49. Théodore Gudin

(Paris 1802 – 1880 Boulogne-sur-Seine)

Vue de la Corse depuis le navire « Le Véloce », 1839

« Pour peindre la mer, il faut avoir navigué. »1 Premier peintre de la Marine nommé par le roi Louis-Philippe, Théodore Gudin joignit l’acte à la parole. Après un rapide passage à l’École navale française, il abandonna ses études pour s’engager dans l’US Navy où il servit pendant trois ans. Rentré à Paris en 1822, il choisit alors la carrière de peintre, se formant dans l’atelier de Girodet avant de se spécialiser dans les représentations de batailles navales et les scènes de naufrage. Ces deux études (cat. 49 et 50) furent peintes à bord du vapeur Le Véloce en 1839, tandis que Gudin se consacrait à une commande royale de 135 peintures commémorant divers épisodes de l’histoire navale française destinées au musée de Versailles. Ici, travaillant dans un médium épais et gras, il brossa avec rapidité les nuages violacés au-dessus de la côte corse, la sombre silhouette d’un minuscule navire à peine perceptible à l’horizon.
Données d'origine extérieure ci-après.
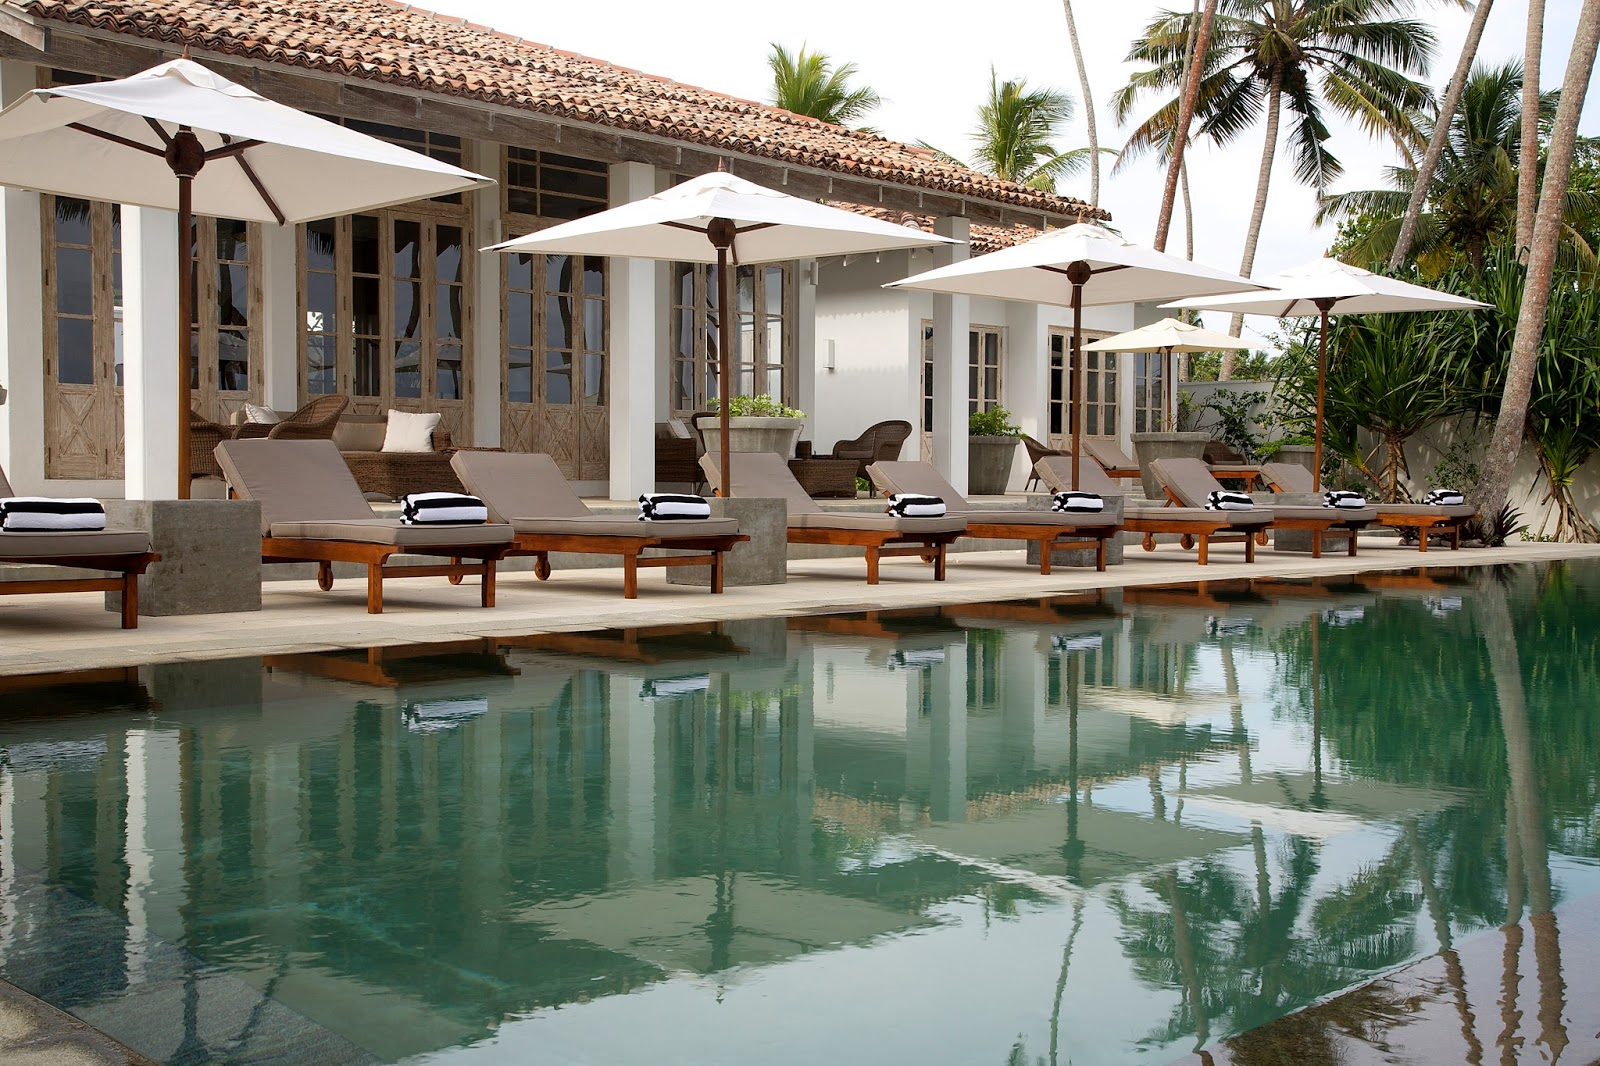 Habaraduwa Sri Lanka  city pictures gallery : ... Habaraduwa House Sri Lanka In Style | Holidays to Sri Lanka

Pour l’esquisse que l’artiste peint perché sur le grand mât (cat. 50), dans une position instable, le point de vue plongeant très inhabituel donne à l’œuvre une immédiateté préfigurant la photographie instantanée. En 1846, Alexandre Dumas devait emprunter ce même navire pour son voyage en Afrique du Nord, dont il tira une publication intitulée Le Véloce ou Tanger, Alger et Tunis.

1Théodore Gudin, Souvenirs du baron Gudin, peintre de la Marine (1820-1870) publiés par Edmond Béraud, 3e éd., Paris, 1921, p. 34.